What the task requires
The data below contains pictures, which are to be skipped; the lines starting at the line with "Dozen Red Rose Bouquet" and ending at the line with "Pandora Caridina 4000" are to be output exactly, both ends included.

Information given
= = = = =
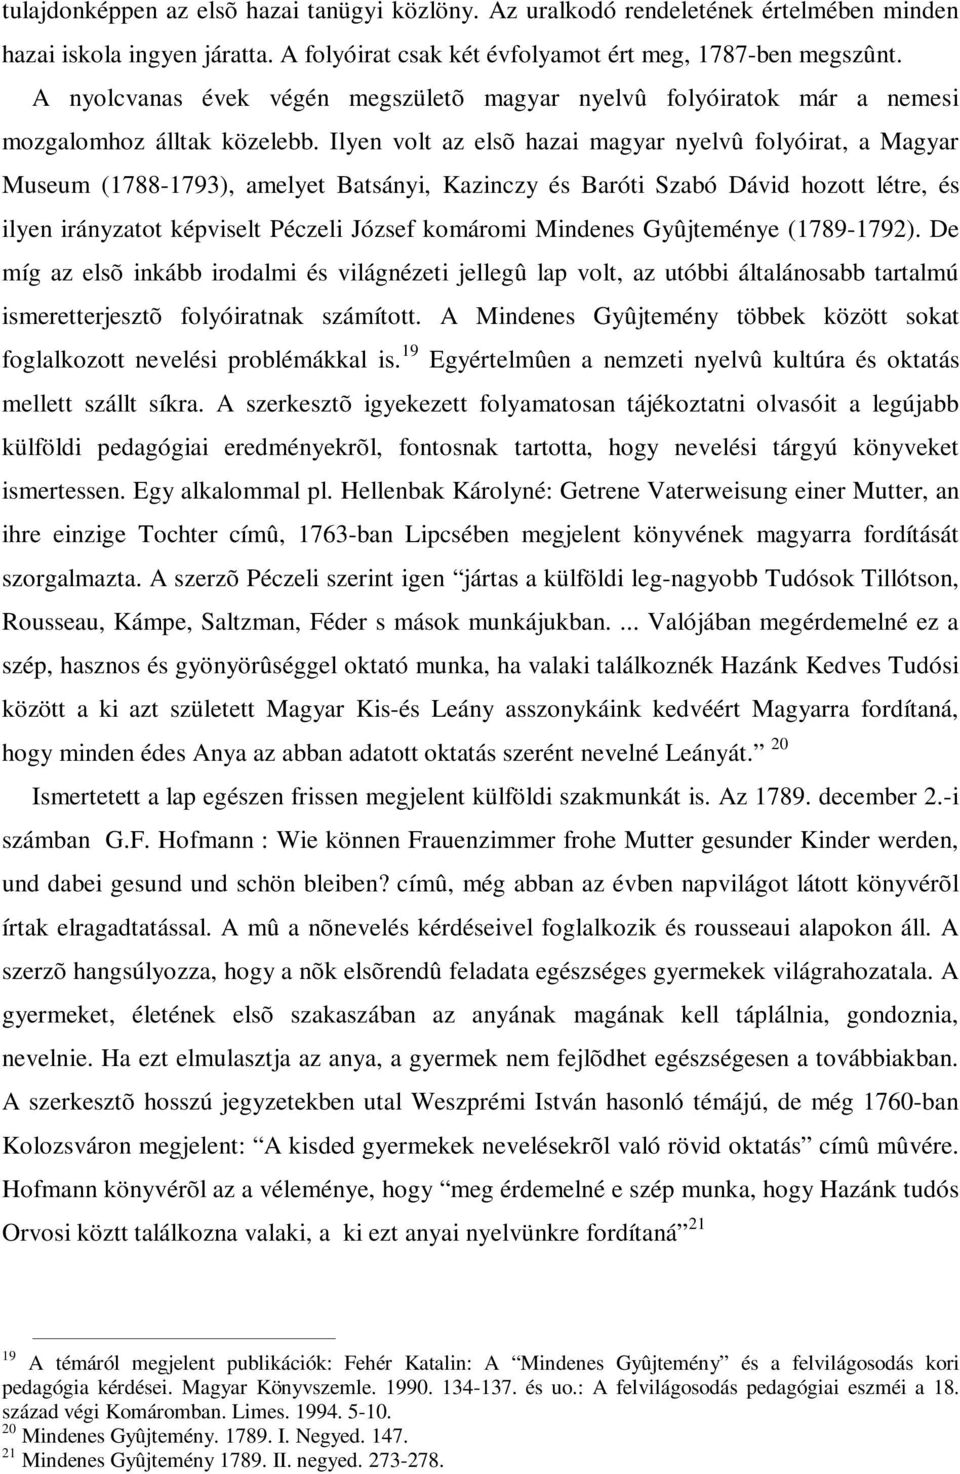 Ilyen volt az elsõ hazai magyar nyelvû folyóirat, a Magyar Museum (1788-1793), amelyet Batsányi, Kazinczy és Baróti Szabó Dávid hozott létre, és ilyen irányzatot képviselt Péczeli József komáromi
= = = = =
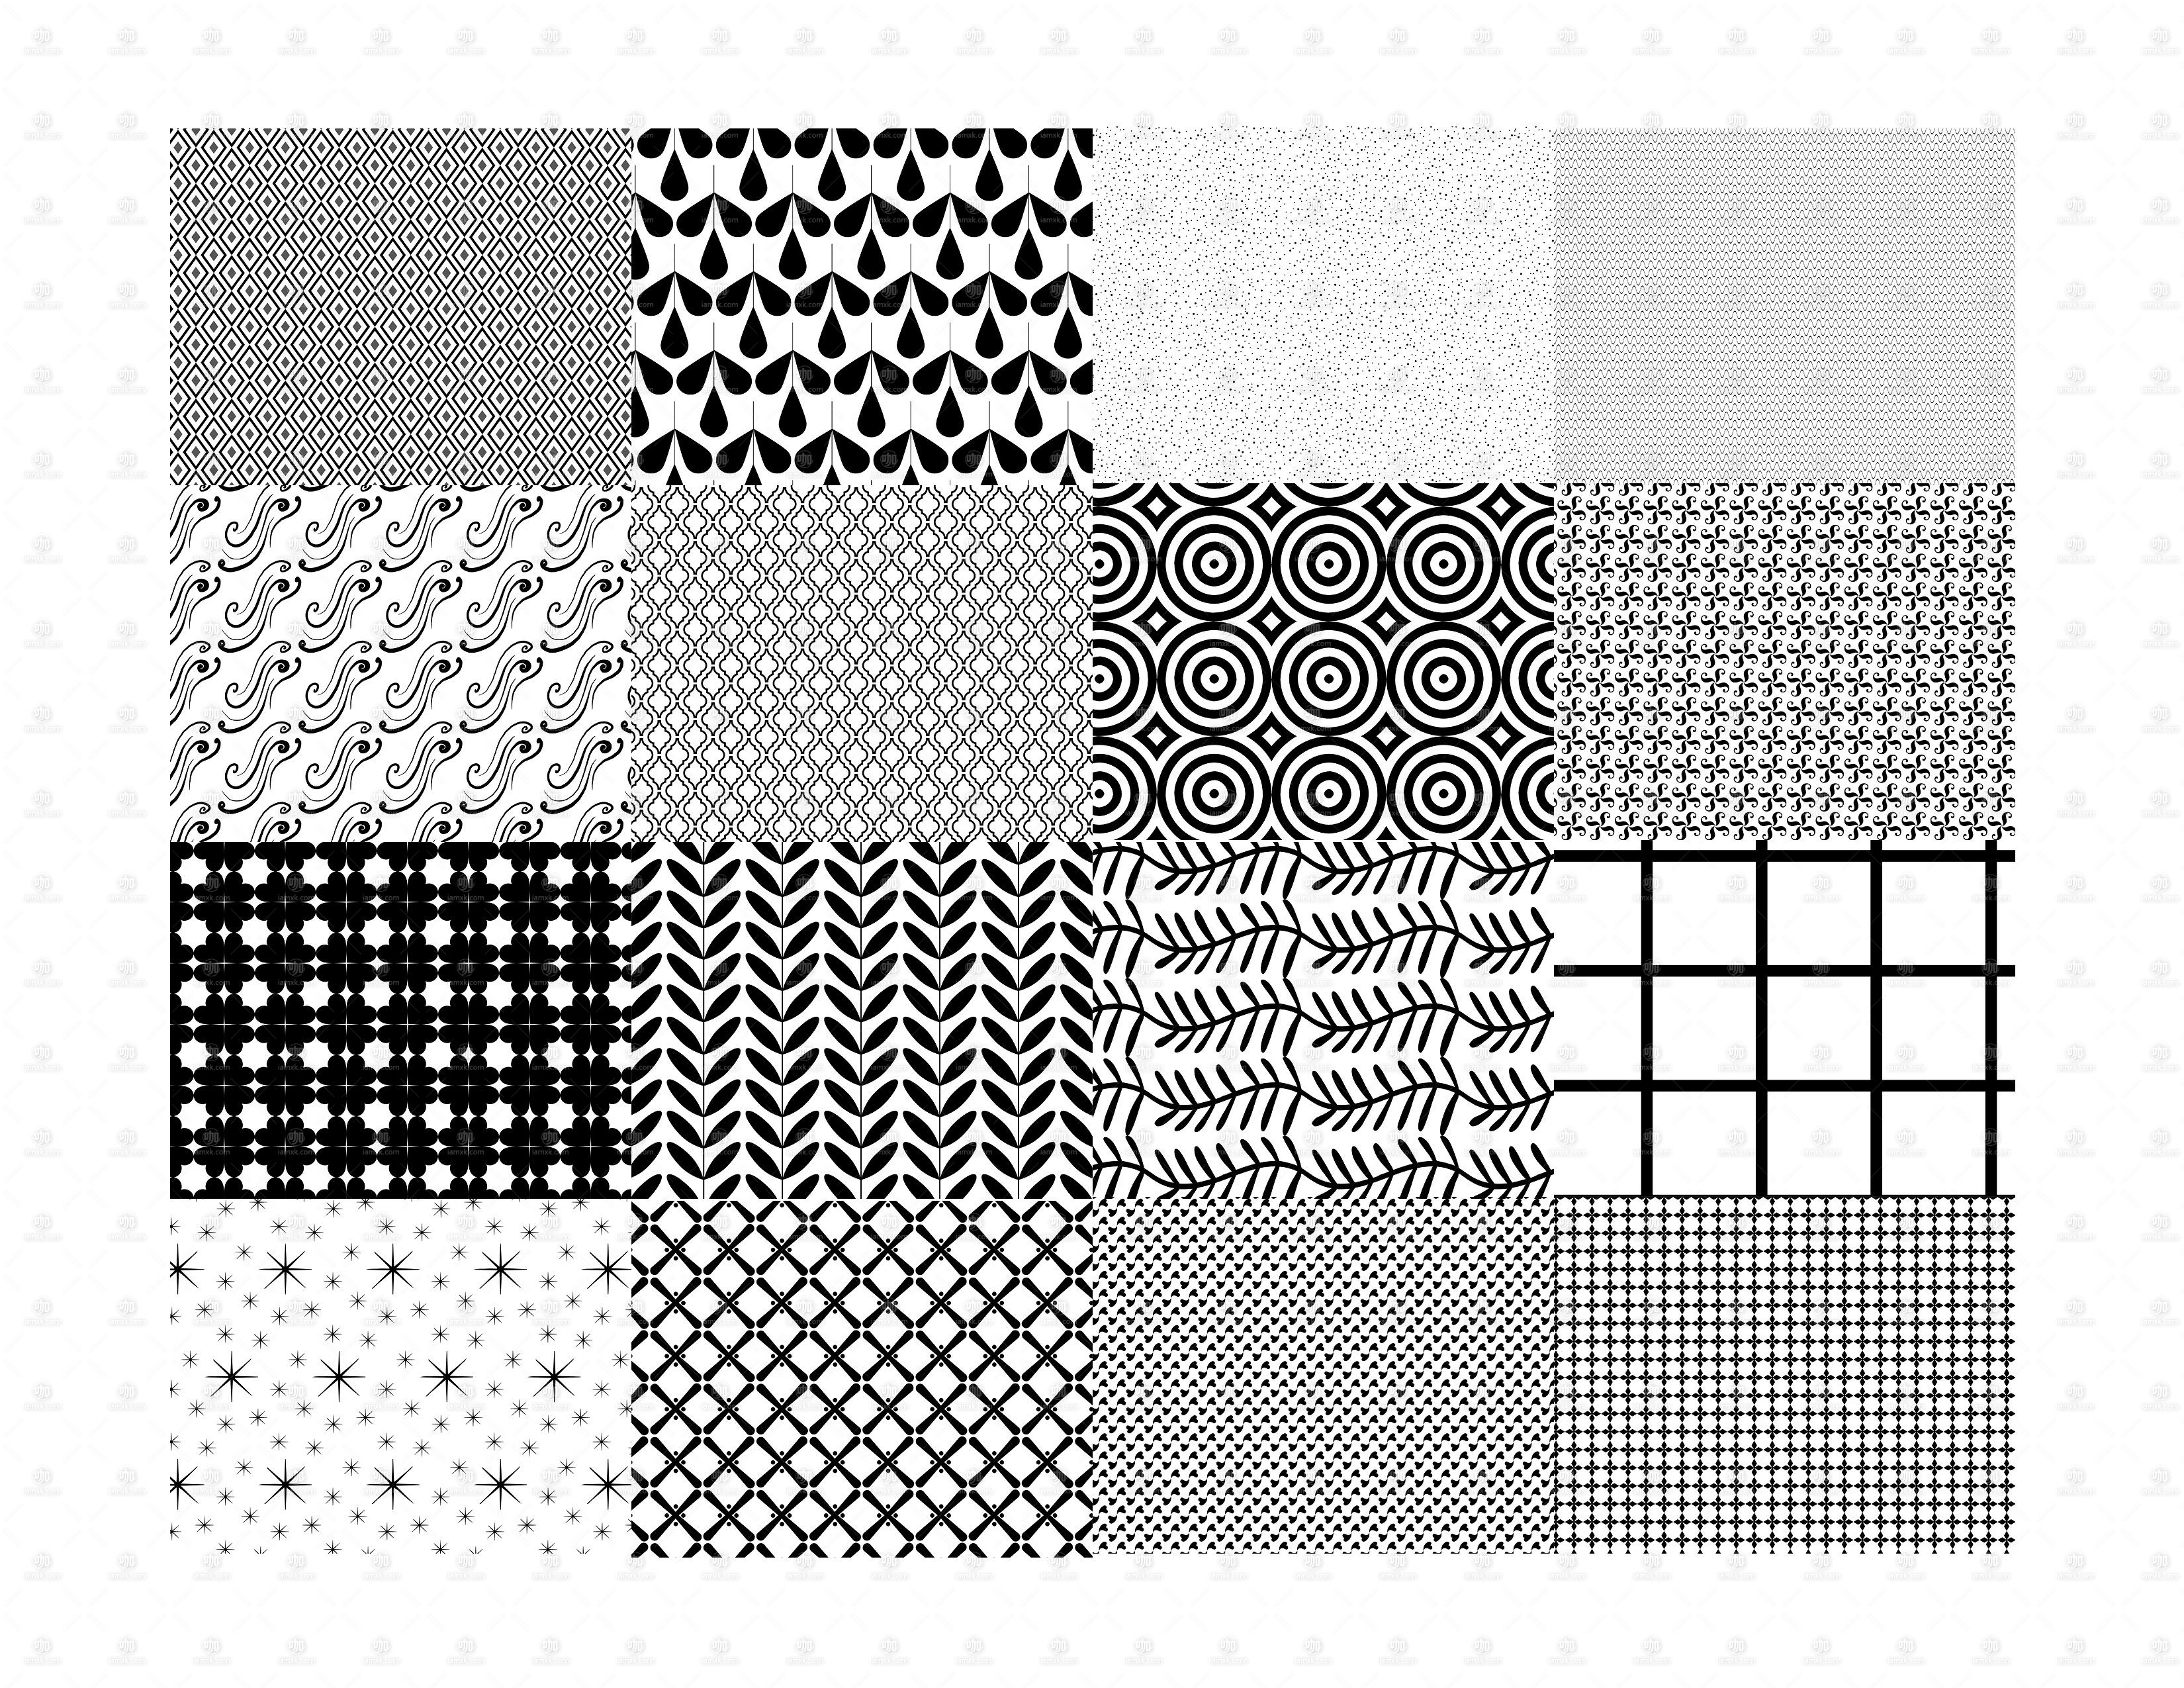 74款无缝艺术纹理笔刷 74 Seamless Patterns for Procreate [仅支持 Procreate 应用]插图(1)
= = = = =
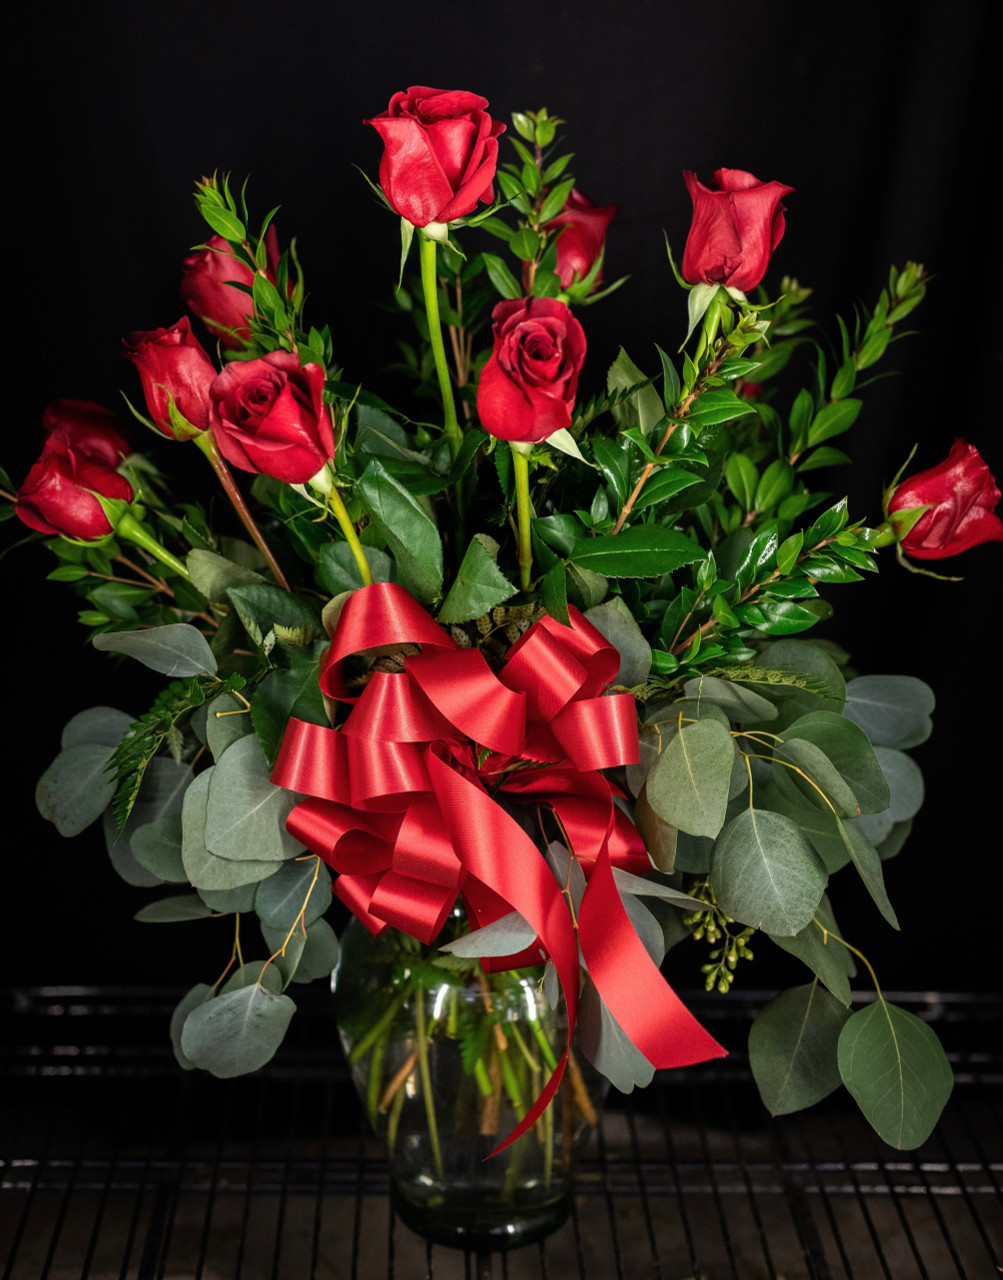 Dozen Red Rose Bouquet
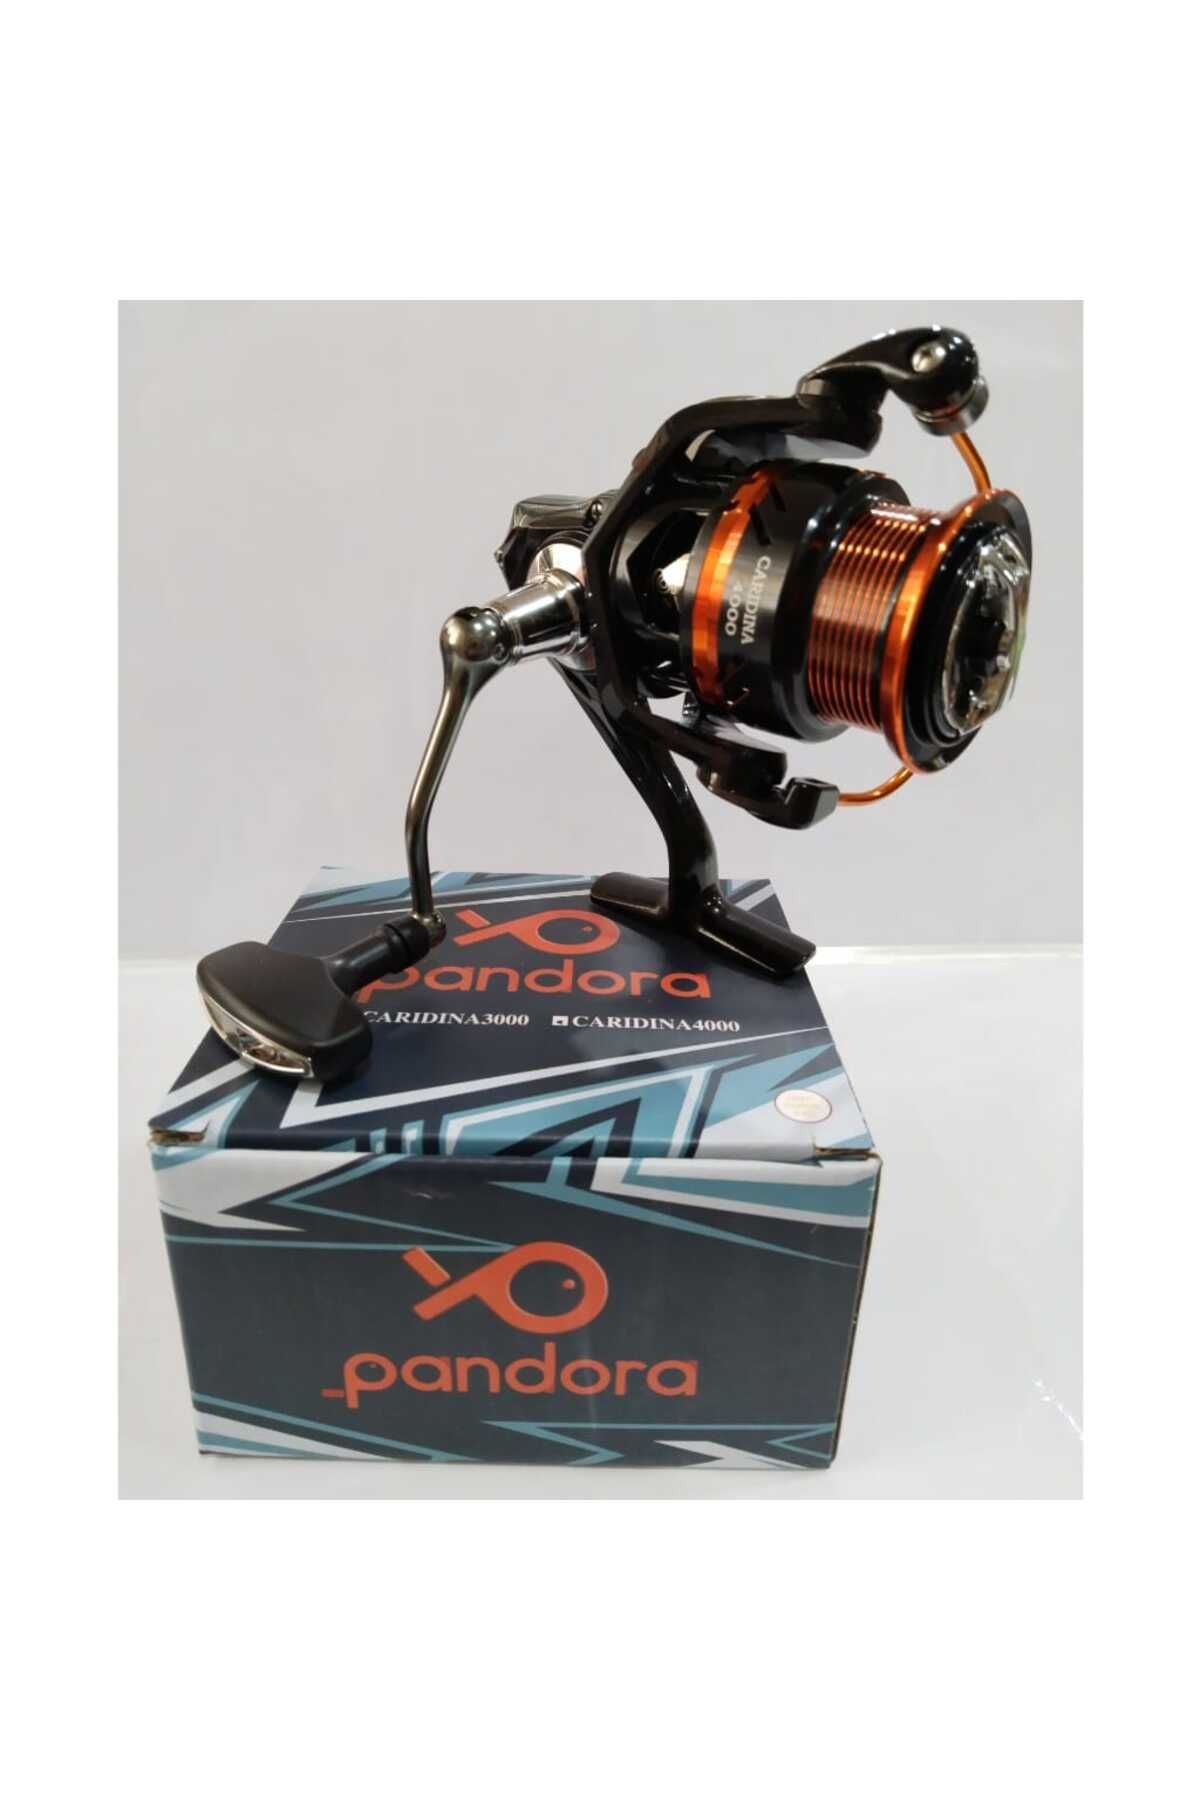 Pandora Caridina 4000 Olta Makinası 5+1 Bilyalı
= = = = =
Solution for this task
 Dozen Red Rose Bouquet
 Pandora Caridina 4000 Olta Makinası 5+1 Bilyalı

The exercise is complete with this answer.